» **Raw data**:
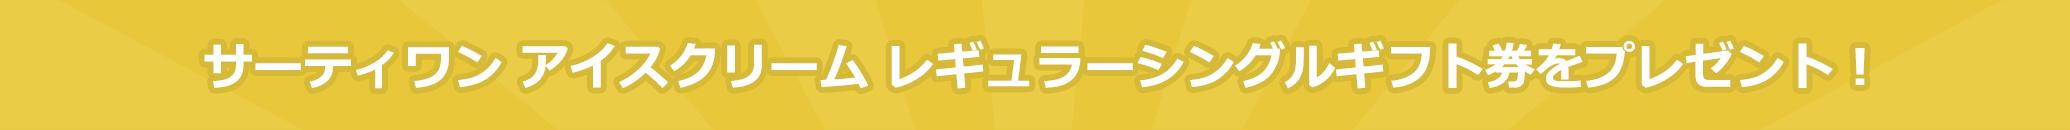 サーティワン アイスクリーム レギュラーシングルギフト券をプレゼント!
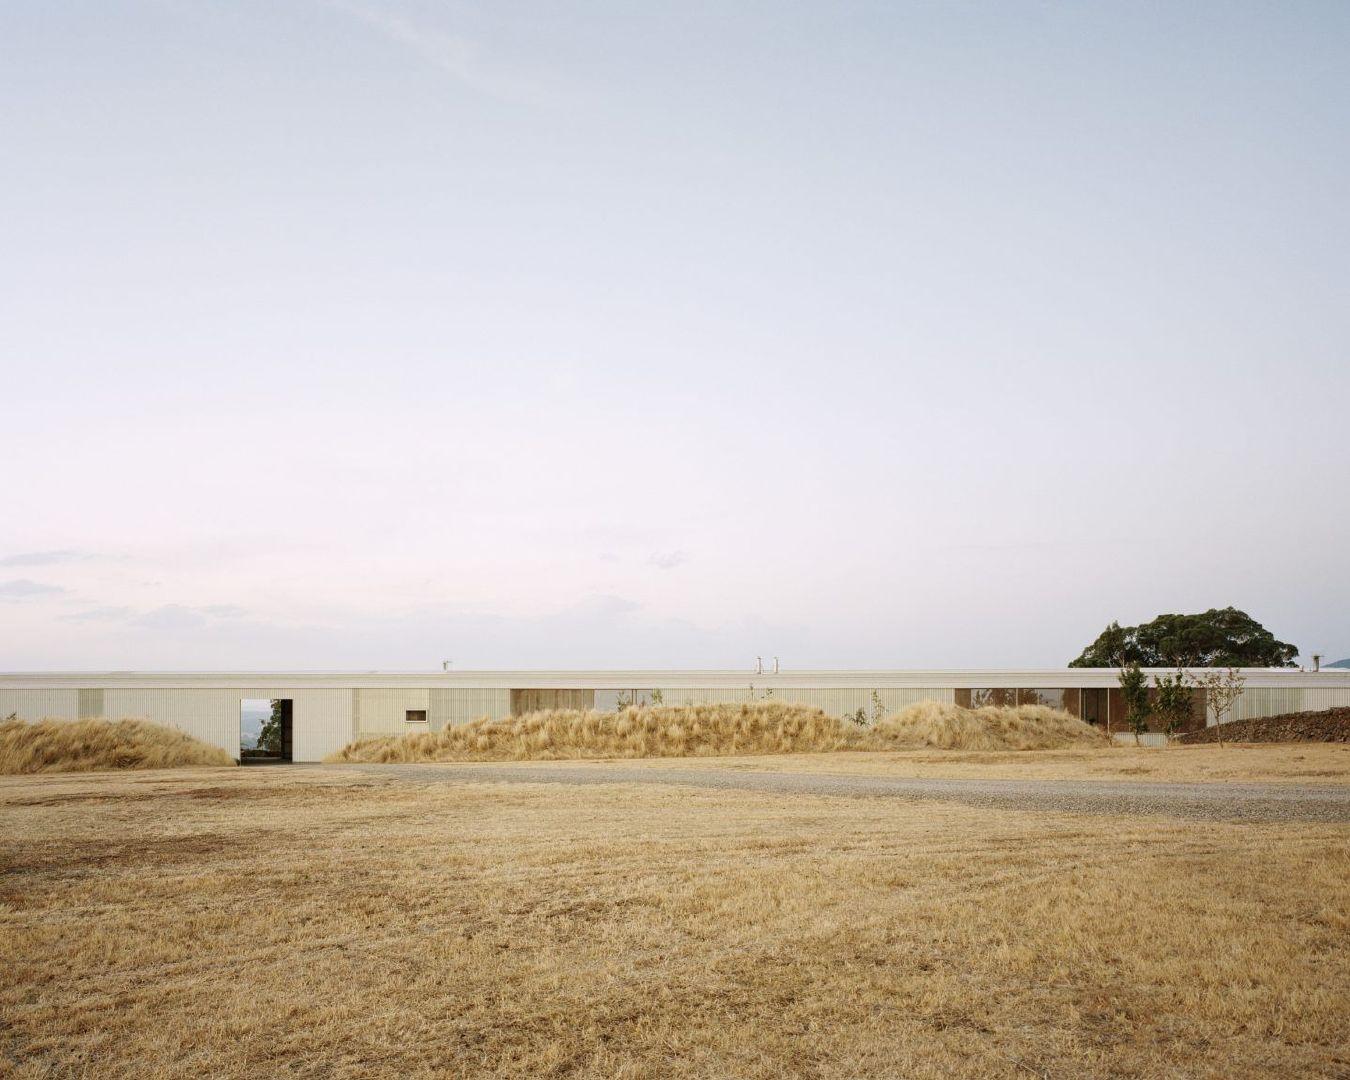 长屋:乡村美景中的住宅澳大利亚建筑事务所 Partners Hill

---

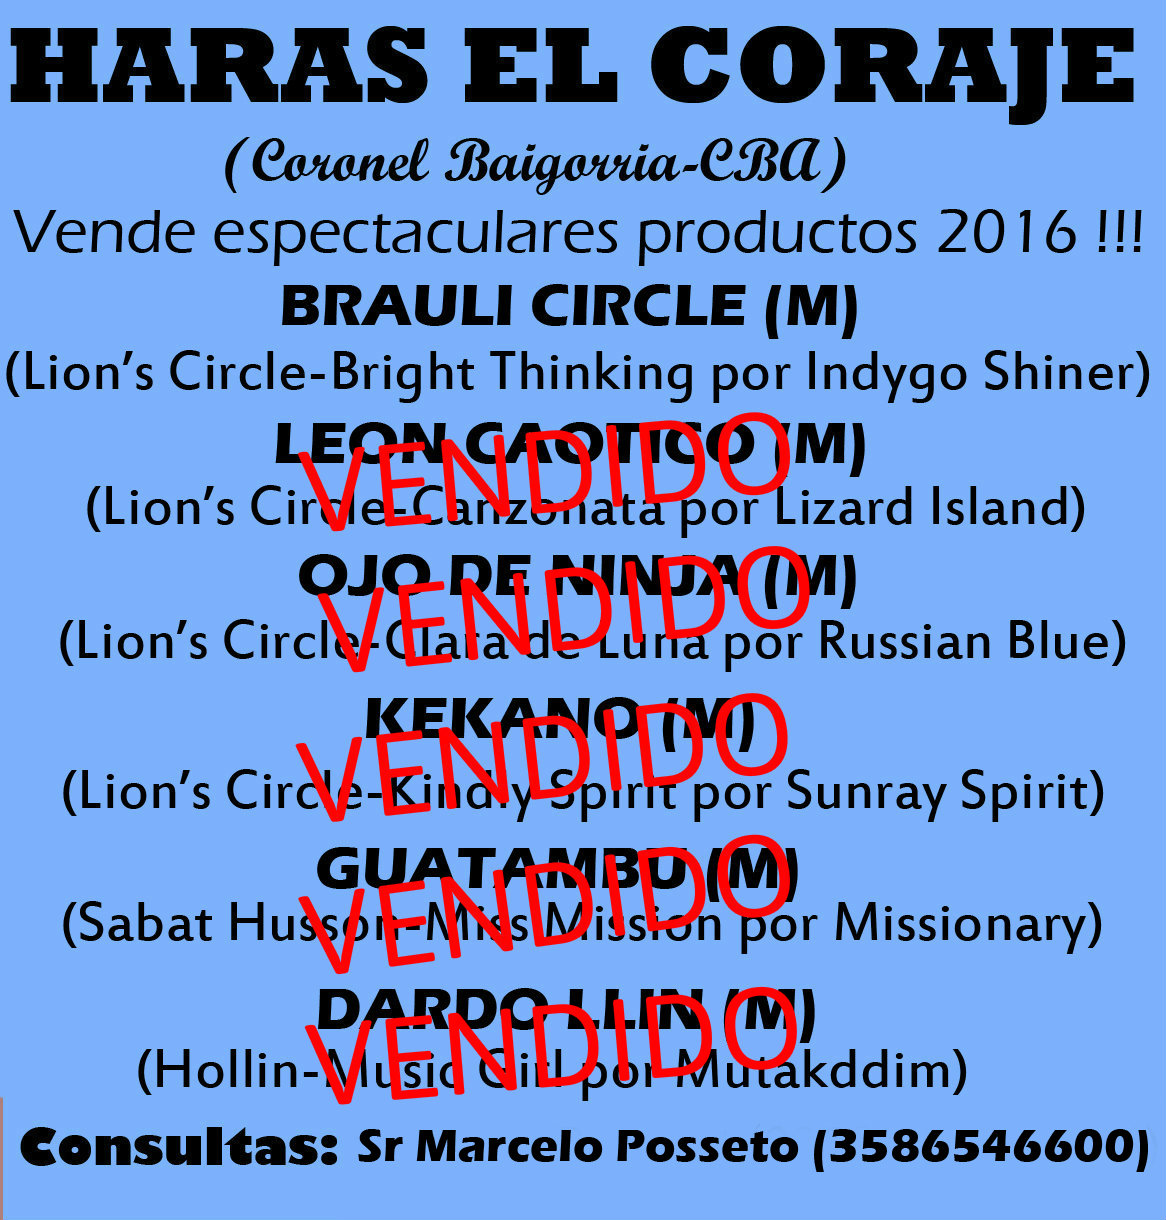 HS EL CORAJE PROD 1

» **Work required**: Reproduce exactly the lines of the data above that run from the line with "サーティワン アイスクリーム レギュラーシングルギフト券をプレゼント!" down to the line with "长屋:乡村美景中的住宅澳大利亚建筑事务所 Partners Hill", both ends included. Pictures do not belong in the copy.

» **Result below**:
 サーティワン アイスクリーム レギュラーシングルギフト券をプレゼント!
 长屋:乡村美景中的住宅澳大利亚建筑事务所 Partners Hill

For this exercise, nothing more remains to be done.